Mungkin ini yang namanya ada berkah di balik musibah. Di tengah tidak punya pemasukan dan sepi kerjaan, aku bisa mencapai cita-cita yang sudah bertahun-tahun tertahan.

Penciptaan buku Ocehan Kutang tentu terjadi dengan bantuan dan dukungan dari banyak pihak. Orbit Indonesia dan Indie Book Corner membantuku dengan sangat baik untuk urusan penerbitan. Mulai dari pendaftaran ISBN, desain tata letak, hingga percetakan, semua didukung oleh penerbit indie asal Jogja tersebut. Pemasaran pun dibantu dengan sangat baik oleh Toko Budi sebagai bagian penjualan dari penerbit yang sama.

Semua pasti setuju bahwa wajah buku Ocehan Kutang nampak sangat indah dan seksi. Aku senang memandangi wajah bukuku yang terasa begitu misterius memanggil-manggil. Keindahan wajah buku pertamaku ini bisa tercipta berkat bantuan dari seniman visual idolaku dan Alfons, yaitu Sukutangan.

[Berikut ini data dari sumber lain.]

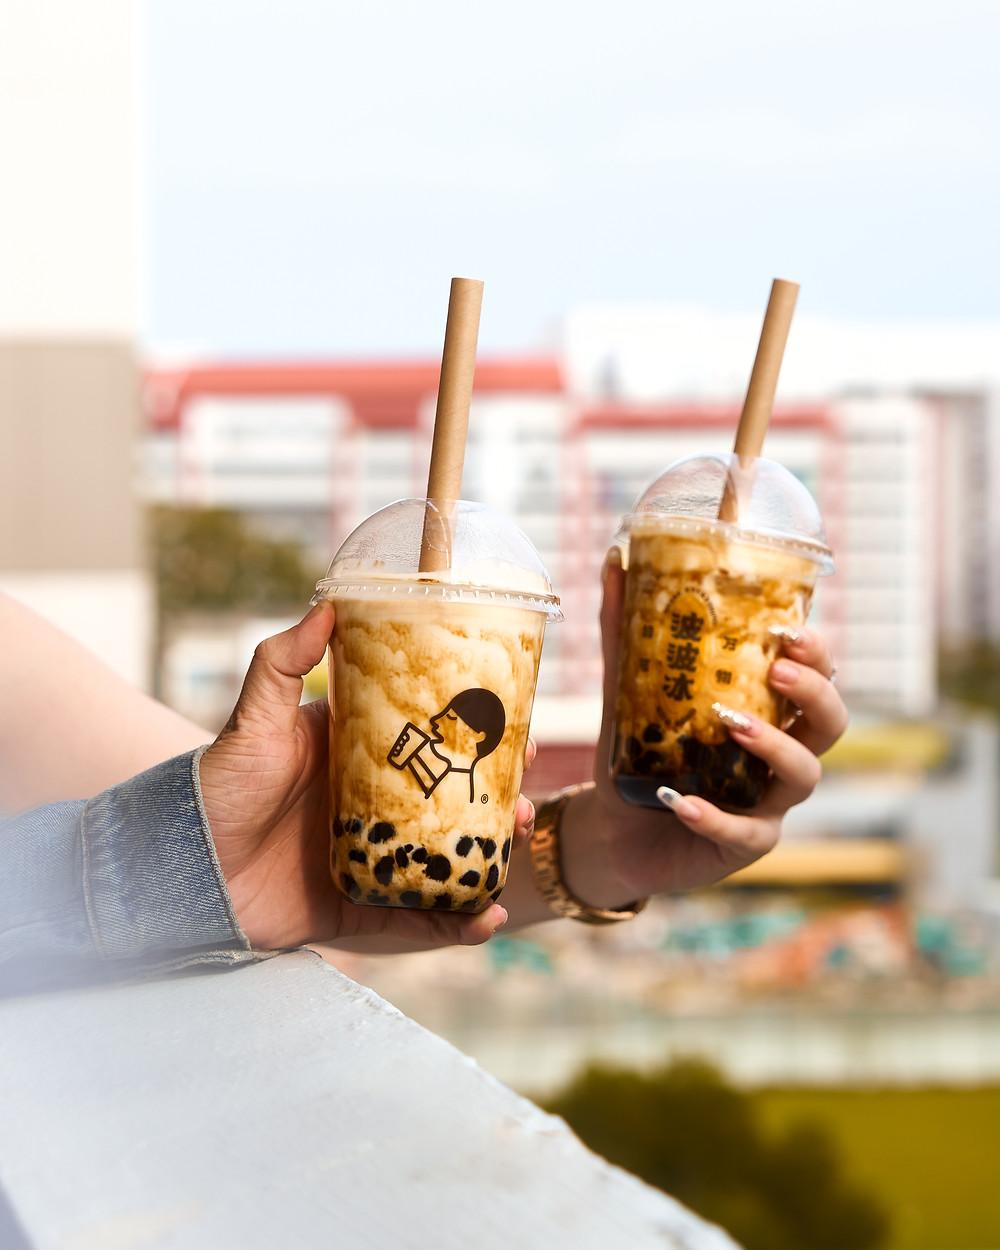 A shot for Hey Tea Singapore at a housing block at Tampines HDB TV Mural Art. A shot of Hey Tea's Brown Sugar Bubble Tea

Akhirnya ya, satu cita-cita tercontreng juga. Saatnya menggapai cita-cita yang lain. Walau masih bingung apa itu.

Ocehan Kutang sudah bisa masuk masa pra-pesan sepanjang 25 Februari hingga 06 Maret 2021. Harga pra-pesan Rp47.000 dan harga normalnya Rp59.000. Silakan hubungi Toko Budi untuk pemesanan.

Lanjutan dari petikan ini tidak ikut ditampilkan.